ESCALE LA HAVANE BY NIGHT

CROISIÈRE AUTOUR DE L’ÎLE DE L’HOMME QUI FUMAIT DES CIGARES.

Le Celestyal Crystal est à quai ; il suffit de traverser la rue pour se retrouver dans le quartier de la Habana Vieja.

Quatre choses m’ont marqué pour cette première découverte nocturne :

-La musique est présente mais pas partout dans les rues. Sur les terrasses des bars ou restaurants, des orchestres de 4 à 7 musiciens chauffent l’ambiance et les touristes se déhanchent sous l’œil ravi des musicos et moqueurs des Cubains. De temps en temps, un cubain danse sur le trottoir pour le plaisir ou pour une autre raison, chasser le spleen peut-être.

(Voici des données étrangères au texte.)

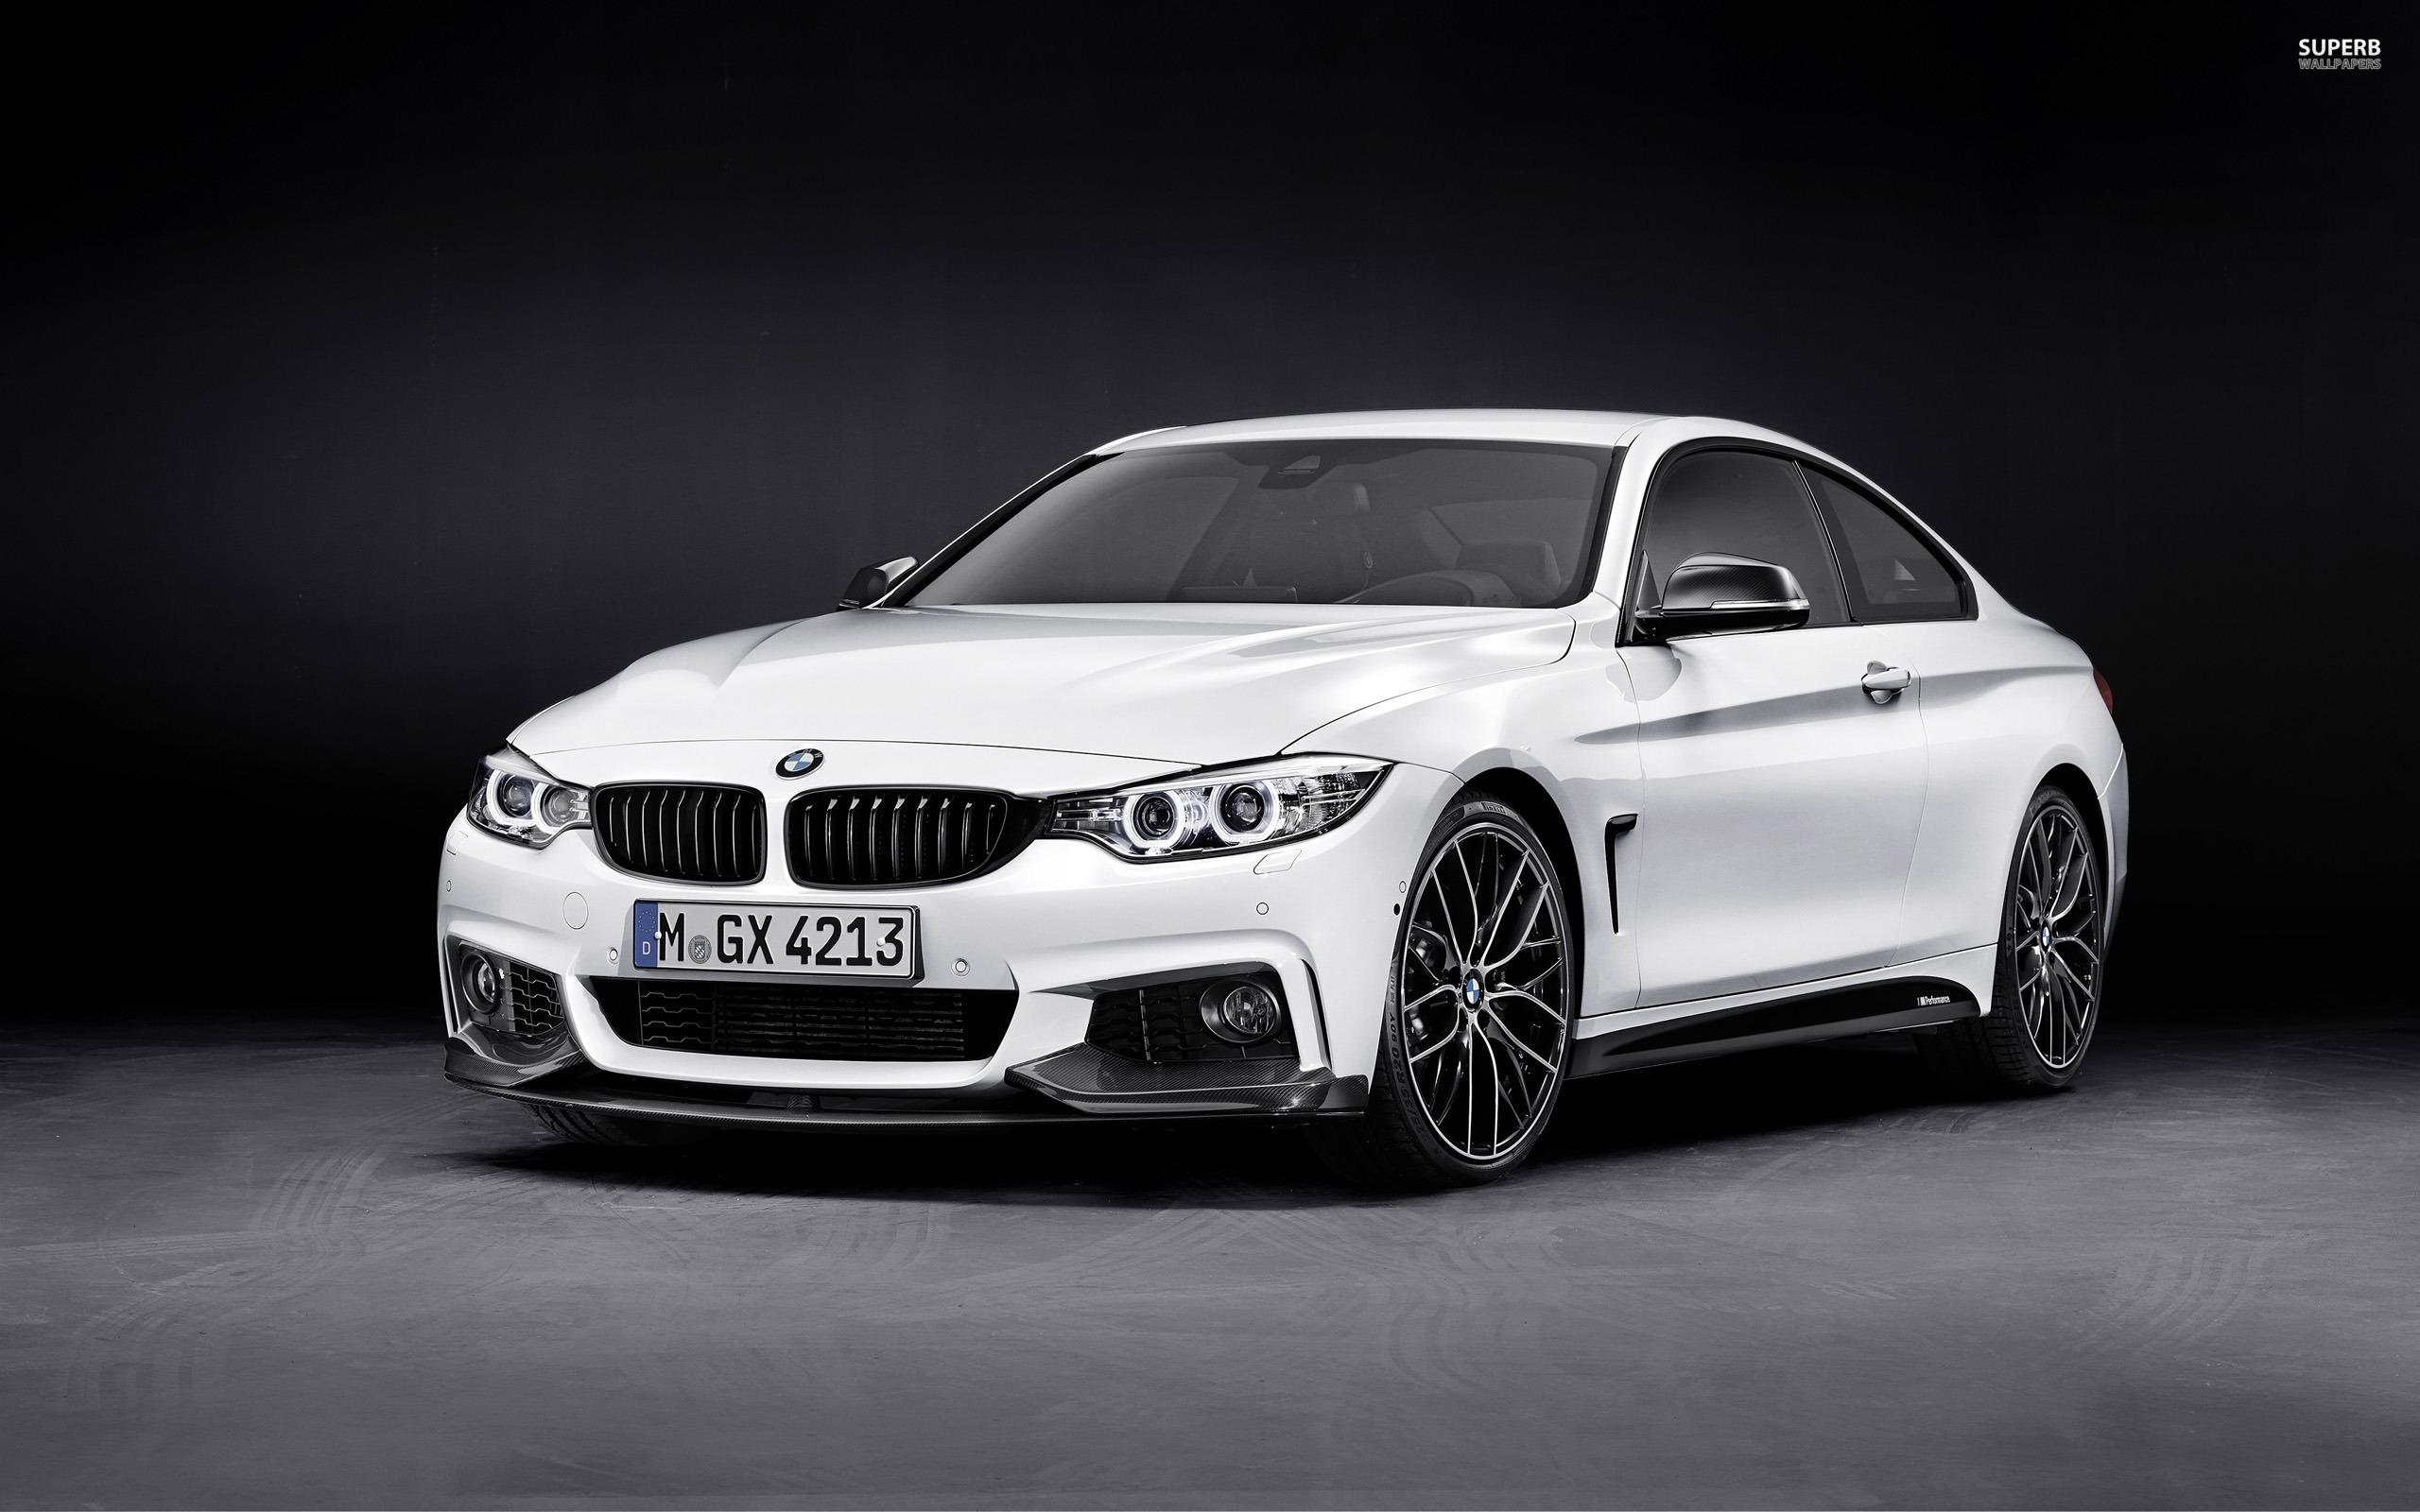 2014 BMW M4 wallpaper 2560x1600 jpg

- La sécurité ; les policiers sont presque partout dans les lieux à intérêt touristique. Des rues délabrées jouxtent les places et quartiers aménagés pour les touristes. Des hôtels luxueux sont en cours de construction et certains existent déjà depuis longtemps comme l’Ambos Mundos où logeait l’écrivain Ernest Hemingway.

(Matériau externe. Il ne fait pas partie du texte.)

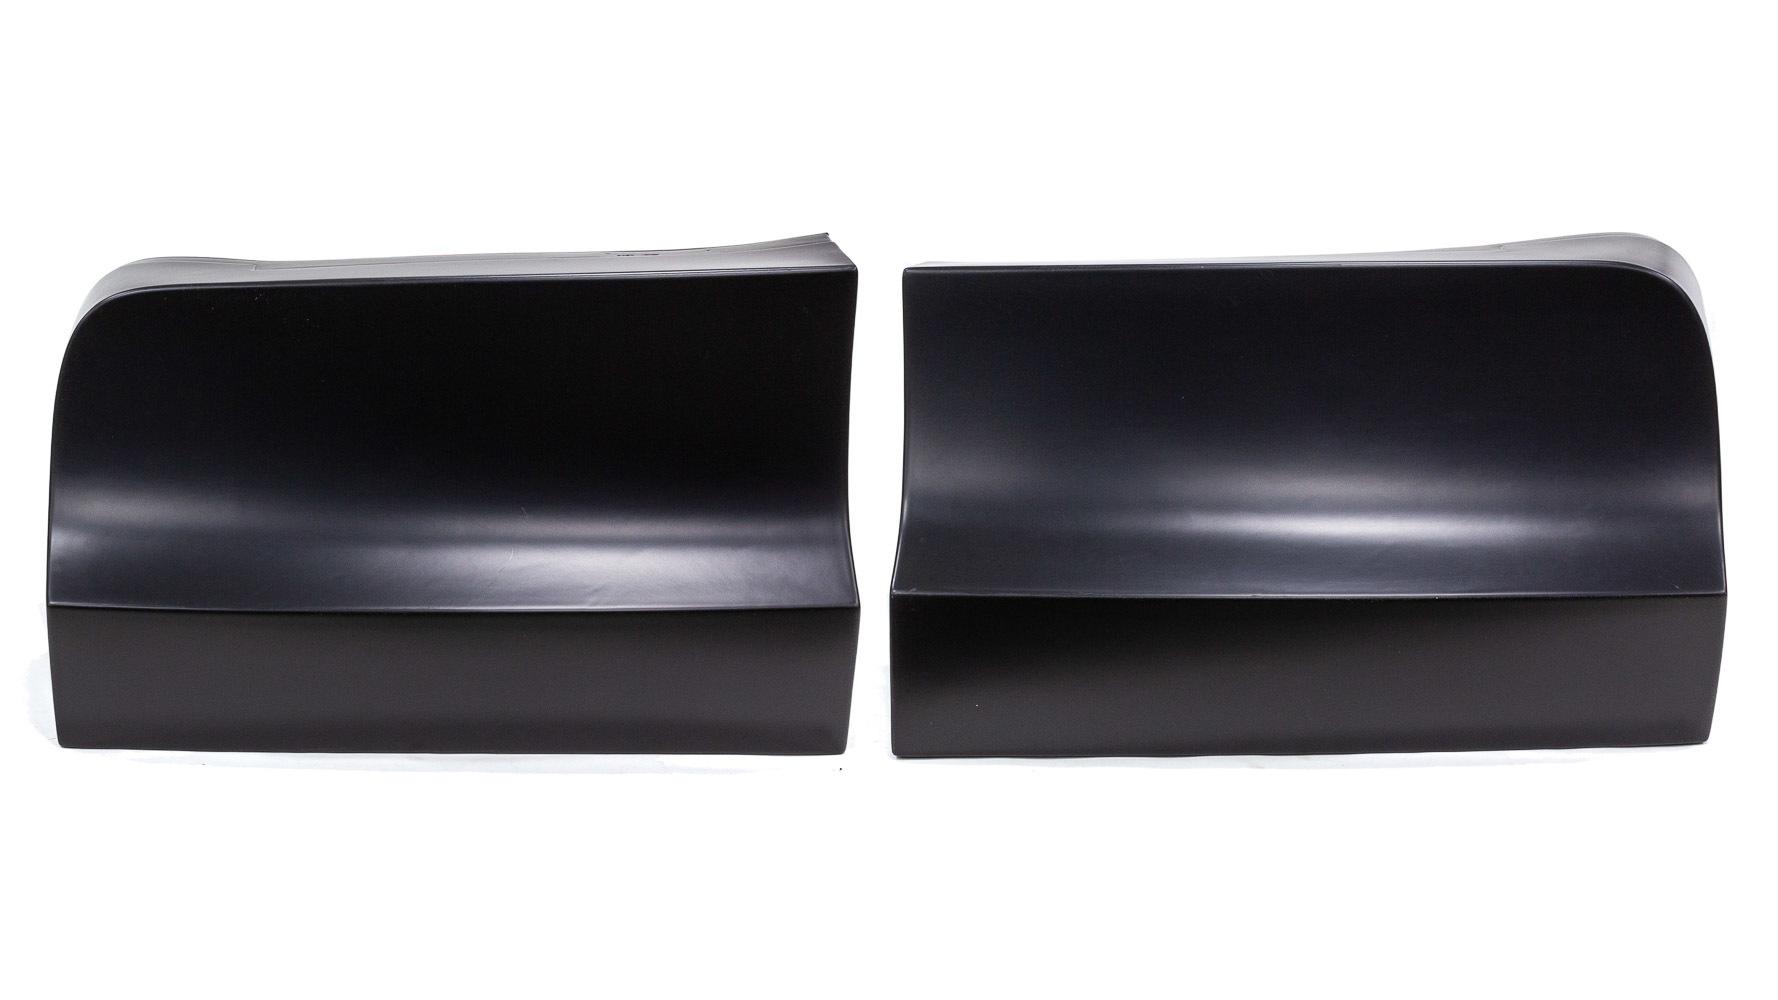 Fivestar ABC Rear Bumper Cover Plastic Black

- Les chiens dormant paisiblement sur les trottoirs ou venant trottiner en toute quiétude dans les jambes des passants. Ils portent tous des colliers avec une étiquette d’identification et leur nom ; ces chiens sont des chiens d’état ! Oui, Monsieur, des chiens d’État de Cuba, et personne ne doit les maltraiter, bien au contraire.

Chien en croisière
Chiens à la Havane

- Le « behavior » ou le comportement postural des Cubains dans leur quotidien. Ce n’est pas tant dans leur façon de danser, car ils ont le sens du rythme mais plutôt dans leur façon de marcher. Ils marchent en balançant leur bras dans un mouvement naturel, comme nous avant dans un passé pas si lointain. Avant l’apparition des smartphones qui impacte notre manière de déambuler ; le cou tendu et penché, les bras collés au corps, les avant-bras en équerre au bout desquels s’agitent frénétiquement nos pouces d’homo sapiens. Le regard fixé sur l’écran, un rapide coup d’œil aux alentours pour se situer, mais rarement vers ses congénères. Eux, ils ont le cou droit et regardent devant eux, parlent entre eux, s’arrêtent pour saluer un ami. Ils n’ont pas comme nous, fous que nous sommes, le regard aspiré par un smartphone qui vibre ou tinte. Le wi-fi à Cuba est disponible dans quelques endroits et les jeunes de la Habana se regroupent, assis sur le trottoir, aspirés dans leur petit écran, plus rien n’existe autour d’eux. À ce jour si vous voulez savoir comment nous marchions auparavant, venez à Cuba.